New research sheds light on the molecular basis of crib death

Sudden Infant Death Syndrome (SIDS) is a condition that unexpectedly and unexplainably takes the lives of seemingly healthy babies aged between a month and a year.

Now researchers of the European Molecular Biology Laboratory (EMBL) in Monterotondo, Italy, have developed a mouse model of the so-called crib or cot death, which remains the leading cause of death during the first year of life in developed countries. The model, published in this week’s issue of Science, reveals that an imbalance of the neuronal signal serotonin in the brainstem is sufficient to cause sudden death in mice.

The brainstem, the lower part of the brain that forms the link to the spinal cord, coordinates many fundamental functions including control over cardiovascular and respiratory systems. Victims of SIDS show alterations in those brainstem neurons that communicate using the signalling molecule serotonin. Cornelius Gross and his group at the EMBL Mouse Biology Unit modified the serotonin system of mice to understand the role of this signalling molecule in the brainstem. They overexpressed an important receptor that regulates serotonin signalling, called serotonin 1A autoreceptor.

“At first sight the mice were normal. But then they suffered sporadic and unpredictable drops in heart rate and body temperature. More than half of the mice eventually died of these crises during a restricted period of early life. It was at that point that we thought it might have something to do with SIDS,” says Gross.

Until now it was unclear how changes in serotonin signalling in the brainstem of SIDS infants are involved in sudden death. The findings in the mouse show that deficits in serotonin signalling in the brainstem can be sufficient to cause sudden death and strongly support the idea that a congenital serotonin defect could play a critical role in SIDS.

Serotonin neurons in the brainstem communicate to nerve cells in the spinal cord that innervate the heart and organs involved in temperature regulation such as brown fat tissue. This signalling is defective in the mouse model of SIDS. For example, when placed into a cold chamber the animals cannot properly activate brown fat tissue to produce heat. This inability to activate fundamental body systems under certain conditions is likely to explain why the mice succumb to sudden death.

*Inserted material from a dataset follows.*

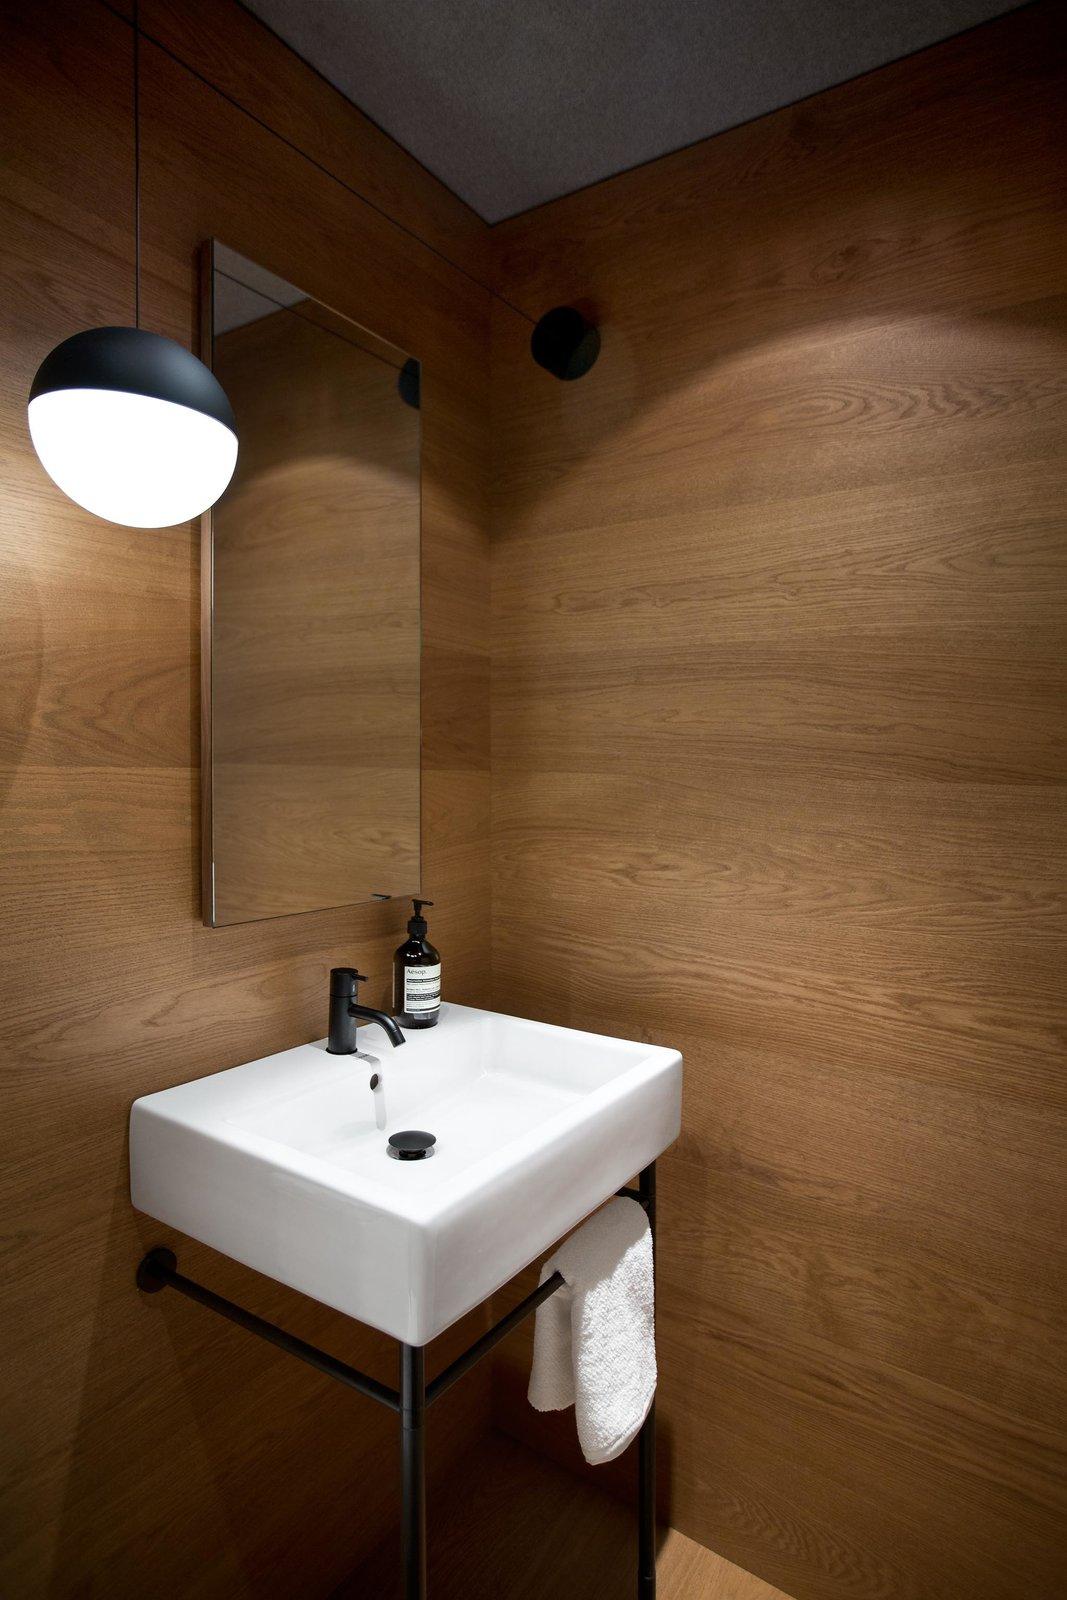 Bath, Medium Hardwood, Pedestal, Ceiling, and Pendant Duravit sink & pedestal, Vola faucet, Flos String Light pendant  Bath Medium Hardwood Ceiling Pendant Photos from Beatty Street Loft
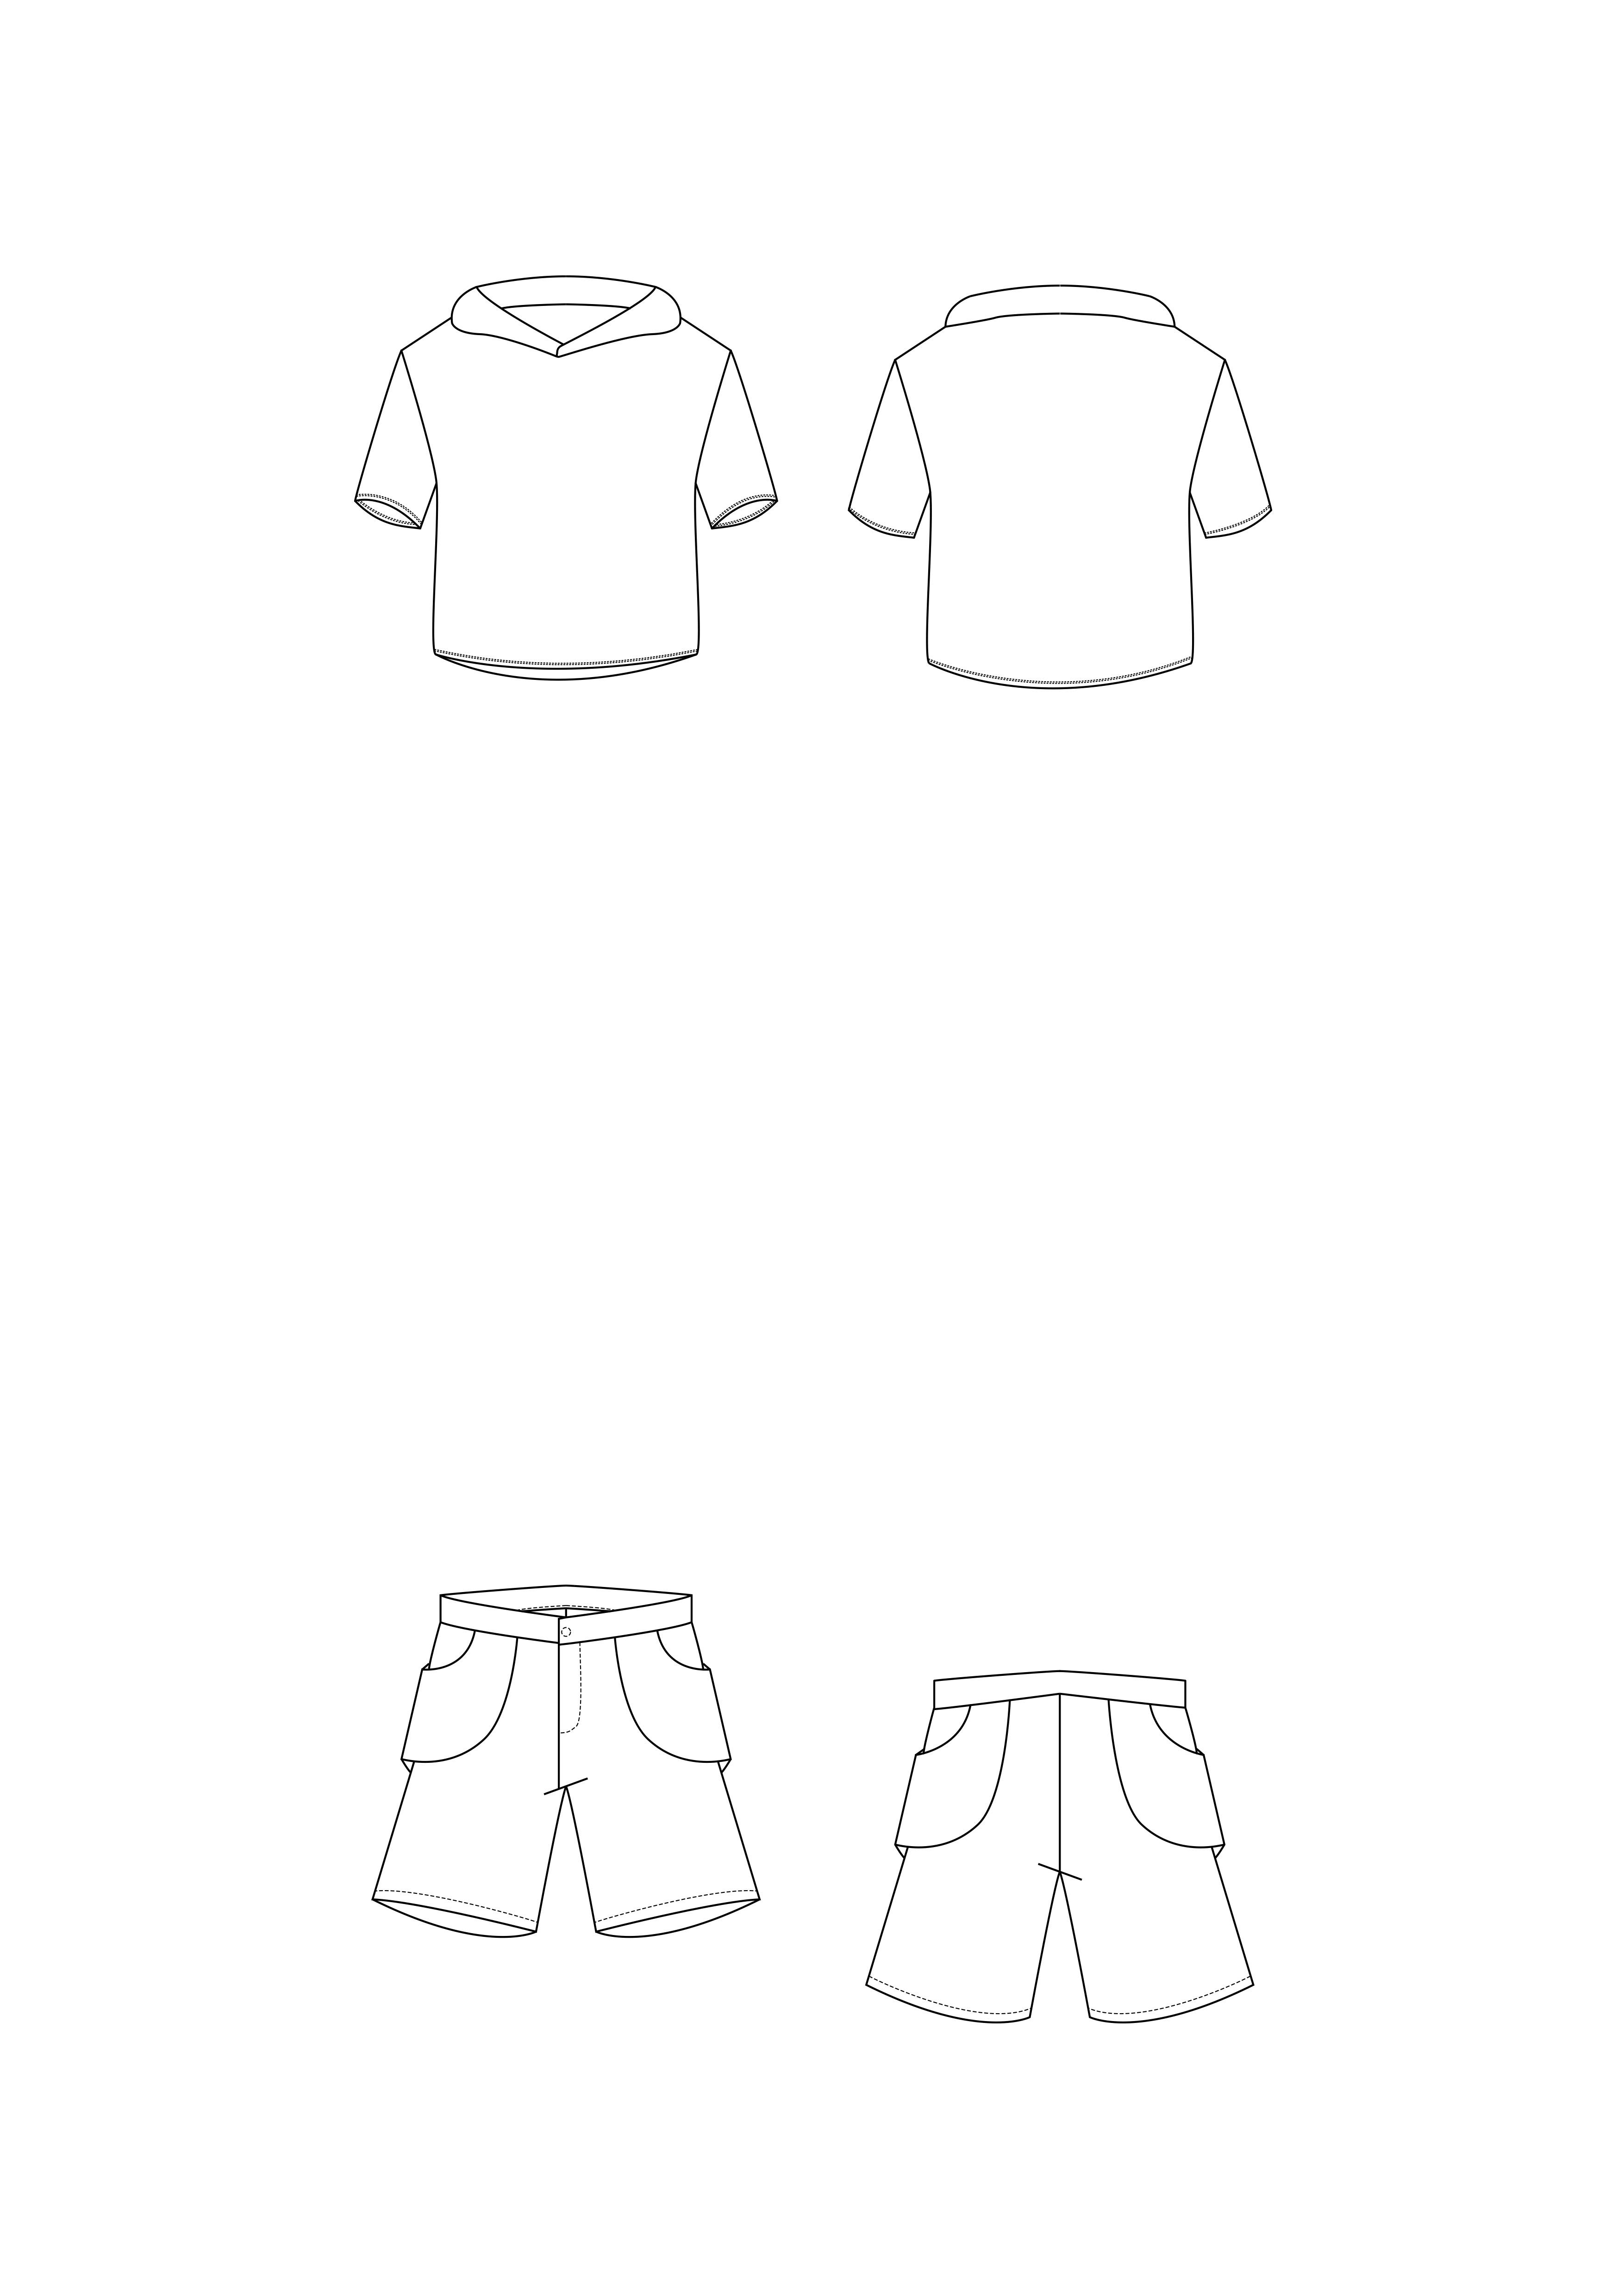 Flat illustrations

While a complete block of serotonin signalling does not lead to death, upsetting its intricate balance by overexpressing serotonin 1A autoreceptor can. In response to serotonin the receptor initiates a negative feedback mechanism that reduces serotonin release and dampens down the signal to the body. The researchers caution, however, that it is unlikely that the exact same molecular mechanism leads to SIDS in humans. Nevertheless, the mouse model will help to shed light on how serotonin signalling, when dysfunctional, can be life-threatening.

“We hope the mouse model will help identify risk factors for SIDS. One open question is whether like in SIDS, the animals die during sleep and whether we can identify which mice will die by looking at their heart rate or body temperature before the crisis. Ultimately, we hope it will give new ideas to doctors about how to diagnose babies at risk for SIDS,” says Enrica Audero, who carried out the research in Gross’ lab.